Several other candidates have also been identified, both in in vitro and cellular studies (51 – 57) as well as fragment-based in silico screens (58, 59), which cover a wide spectrum of chemical space (60). Of particular note are (+/-)-orteronel (61) and (S)-seviteronel (62), which have made it to clinical trials, providing preliminary evidence of efficacy and tolerance in women (63, 64). These may be especially attractive starting points for a potential PCOS therapy. It is also worth noting that the CYP17A1 active site is spacious and can accommodate a wide variety of ligands (60), providing an array of options for chemical modification of these already chemically diverse lead compounds. There is thus a great deal of potential for finding an effective inhibitor, making it worthwhile to explore and optimize these candidates for application in PCOS.
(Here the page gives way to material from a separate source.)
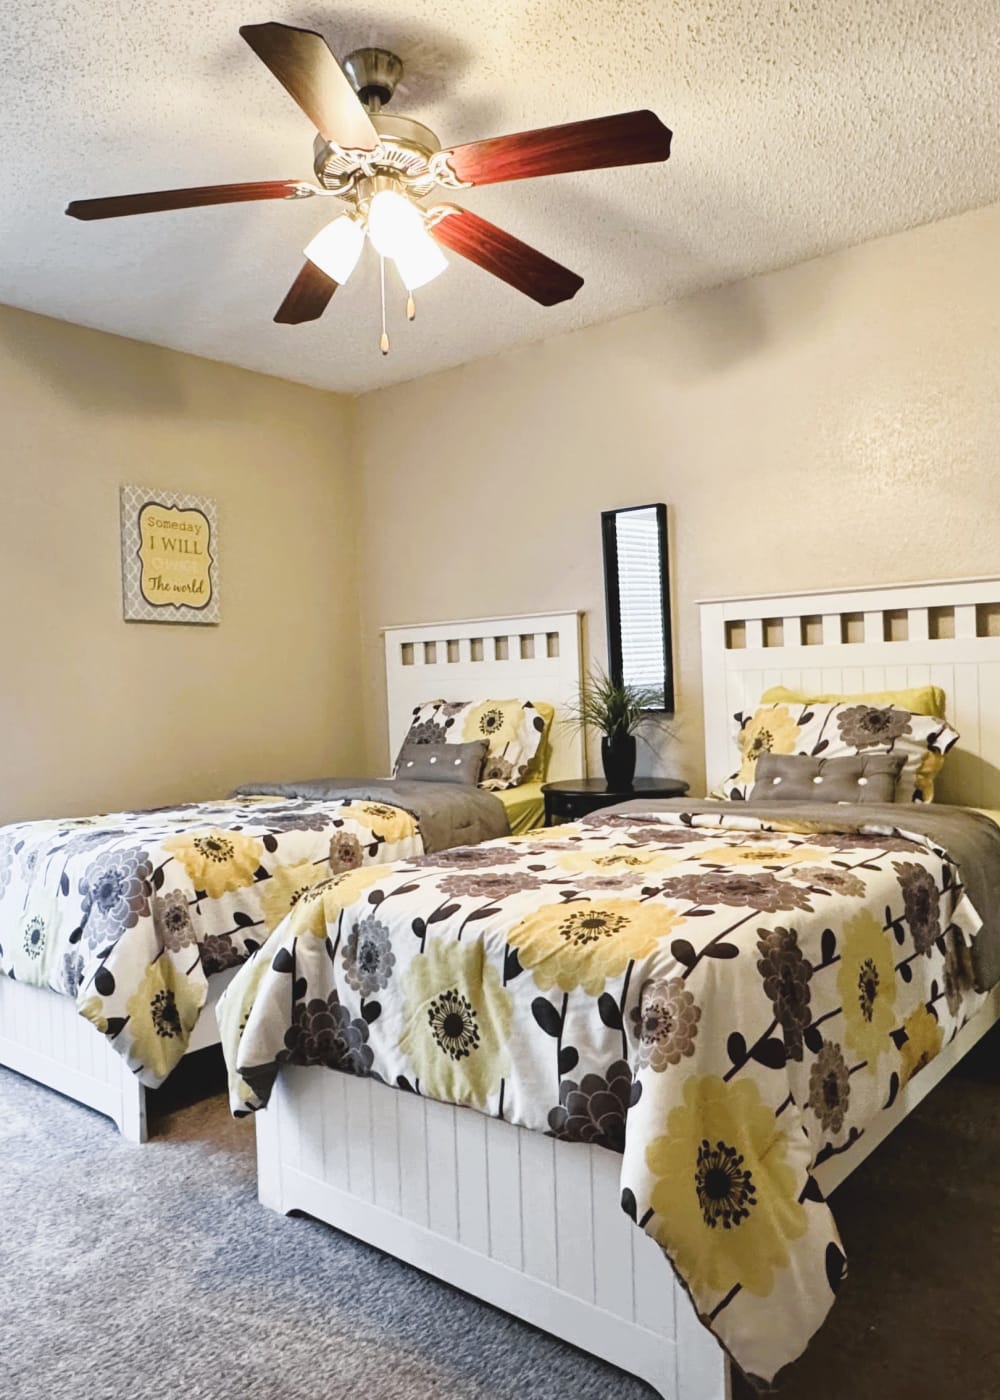 A furnished bedroom at Fountaingate in Wichita Falls, Texas

PCOS subtypes highlight the importance of tailored therapeutics as a component of PCOS treatment

Finally, as these and other targets are explored, an important consideration arises from the growing recognition of PCOS subtypes (65, 66). While once considered to be a single, phenotypically complex disorder, recent studies have revealed distinct groupings of PCOS patients, broadly separated into metabolic and reproductive categories. Importantly, these PCOS subtypes have unique gene expression (67), phenotypic outcomes (66), and comorbidity risks (68), indicating unique genetic causes and subsequently requiring tailored therapeutic strategies. While the targets described above are perhaps most applicable to women in the metabolic category (69, 70), evaluating drug effectiveness across PCOS subtypes will be a crucial element in determining broader therapeutic potential. Additionally, exploration of the pathogenic mechanisms that uniquely define these subtypes may also assist in the identification of subtype-specific targets and therapies.

Conclusion

The discovery of a novel PCOS therapeutic represents a major leap forward in this field, providing a new source of hope for researchers and patients alike. It is my hope that through this article, I have brought to light the need for scientific investment into this common but overlooked disease, as well as the various caveats to consider and hurdles to be overcome. Most importantly, however, I hope that I have conveyed the opportunities that lay before us, which are, in my opinion, plentiful. A new horizon is dawning in PCOS research. Let‘s take the time to explore it.

 

Acknowledgements

I would like to thank Chuck Sanders for his help in editing this article. I would also like to thank The Protein Society for giving me the opportunity to present it to our community. While unrelated to my Ph.D. project, this is a topic of great scientific and personal interest to me, and I am grateful to be able to share it with you all. The references for this article are here. ~ K.R.B.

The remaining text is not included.